La especialista sugiere hacer una pausa antes de responder y preguntarse: “¿Esto que voy a decir me acercará a mi objetivo o me alejará aún más?”. Si la respuesta indica que solo empeorará el conflicto, lo más recomendable es no insistir por el mismo camino.
Alterar la manera de actuar, incluso con un detalle mínimo, puede transformar por completo la dinámica del conflicto. Experimentar con respuestas distintas y prestar atención a sus efectos permite identificar enfoques más efectivos que reducen las disputas y previenen enfrentamientos superfluos.
Elige tus batallas para discutir menos
No todos los conflictos requieren confrontación. Weiner-Davis recomienda aprender a diferenciar los asuntos esenciales de los que solo generan desgaste innecesario. En muchas ocasiones, pasar por alto pequeñas irritaciones y no transformar cada diferencia en un enfrentamiento puede resultar más beneficioso para la relación.
El punto central consiste en identificar cuándo vale la pena dialogar y cuándo conviene optar por la calma. La especialista señala: “Algunas batallas simplemente no valen la pena; debes elegirlas con cuidado”. Reservar la energía para los problemas verdaderamente significativos ayuda a evitar rencores y preservar un ambiente de respeto mutuo.
Habla menos y escucha más
Durante una discusión, es común centrarse únicamente en sostener el propio argumento, dejando de lado la atención hacia la pareja. Weiner-Davis enfatiza que detenerse y realmente escuchar los sentimientos y motivos del otro es fundamental para que los conflictos no se intensifiquen.
No hace falta coincidir en todo, pero demostrar empatía resulta clave: expresiones como “entiendo tu punto de vista, aunque no lo comparta” suelen ser suficientes para disminuir la tensión. Cuando alguien percibe que lo escuchan de verdad, tiende a relajar la defensa, y el diálogo puede transformarse en un intercambio más respetuoso y productivo.
Tómate un tiempo de descanso
Cuando una pelea comienza a intensificarse y ambos sienten que no logran calmarse, lo más recomendable es tomarse un descanso. Weiner-Davis sugiere establecer previamente una señal, ya sea un gesto o una palabra, que indique que es momento de detener la discusión y concederse al menos media hora para recuperar la calma.
Durante ese lapso, cada persona puede dedicarse a alguna actividad que le permita relajarse, como caminar, leer o escuchar música. Luego, si hace falta, la conversación puede reanudarse con una actitud más tranquila y receptiva.
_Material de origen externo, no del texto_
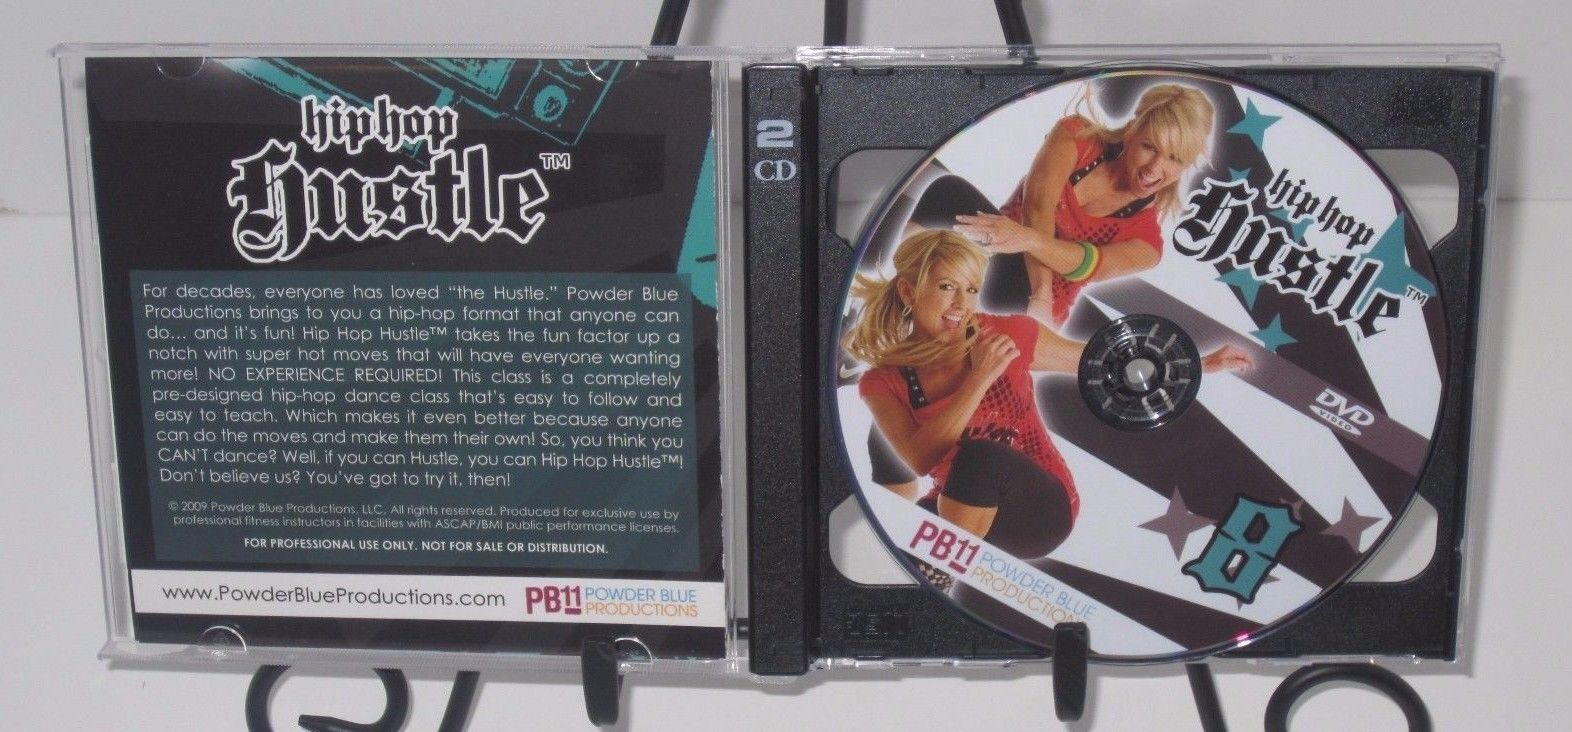 HIP HOP HUSTLE Vol. 8 Workout DVD - Chalene Johnson - Powder Blue Productions!

Recuerda por qué estáis juntos
Más allá de aprender a manejar los conflictos, Weiner-Davis destaca que proteger la relación es esencial. Recordar por qué eligieron estar juntos, vivir experiencias placenteras y mantener demostraciones de afecto contribuye a fortalecer el vínculo y a sobrellevar las dificultades.
Reservar tiempo para salidas en pareja, dialogar sobre cuestiones importantes y conservar una intimidad gratificante son maneras de afianzar la conexión emocional y evitar que los roces diarios disminuyan lo positivo que comparten.